The big concerns are: what other people think, and if you’re dependent on your attacker for resources.
- What other people think:
Will bystanders side against you because of transmisogyny or racism?
Even after it’s over, will you be punished for it? ie. by a cop, a court, your boss, your friends, or the person who attacked you.
- You can still defend yourself while avoiding doing things that will later require you to appear in court, or have to talk with a school Principal or Human Resouces Officer, or have to explain yourself to your community.

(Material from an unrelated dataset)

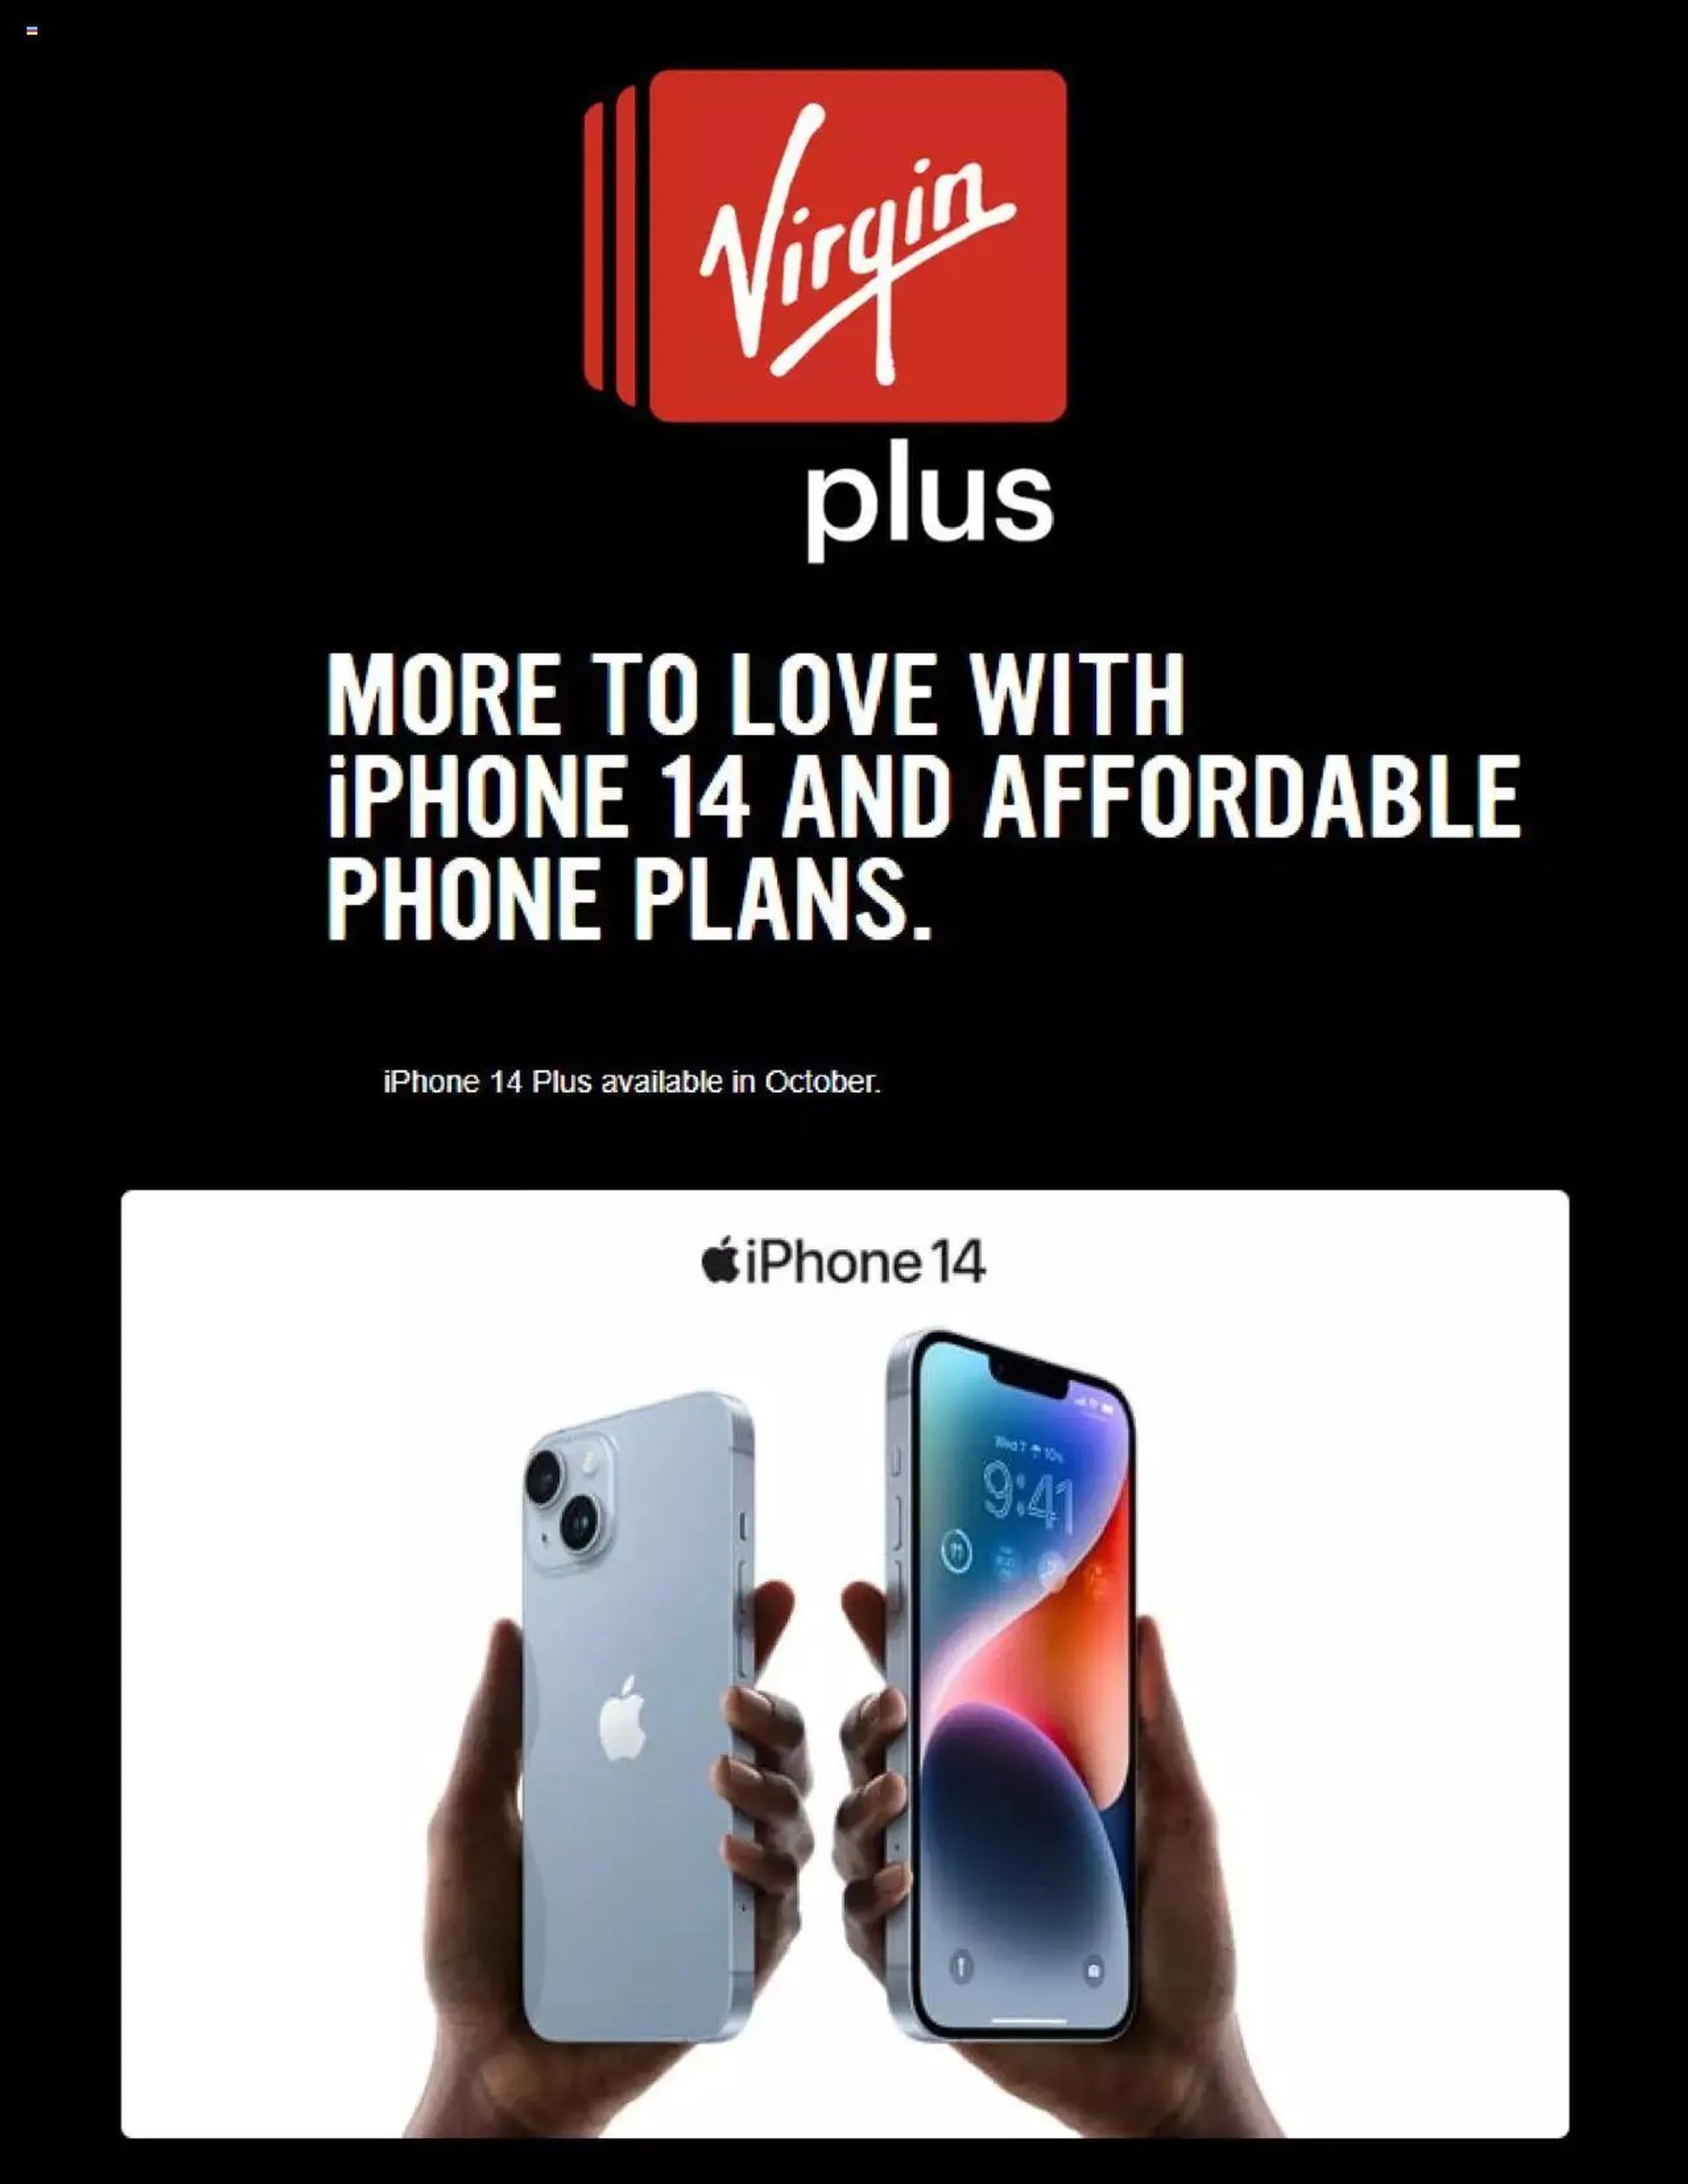 Virgin Plus Online Deals - 0

- Things that often get you in trouble are:
- Carrying weapons.
- Any overt violence (ie. punching, shoving, or shouting).
- Even just calmly talking back, or filing a complaint.
- Being dependent on your attacker:
Is your attacker someone who also gives you resources, like money, housing, or child custody?
Do they control things in your life, like a parent, a school administrator, or a doctor?
Will they take those things away if you openly defend yourself?
- Defend yourself in inconspicuous ways, so that they don’t realize you are even defending yourself.
- Use teamwork strategies to give yourself power over them instead.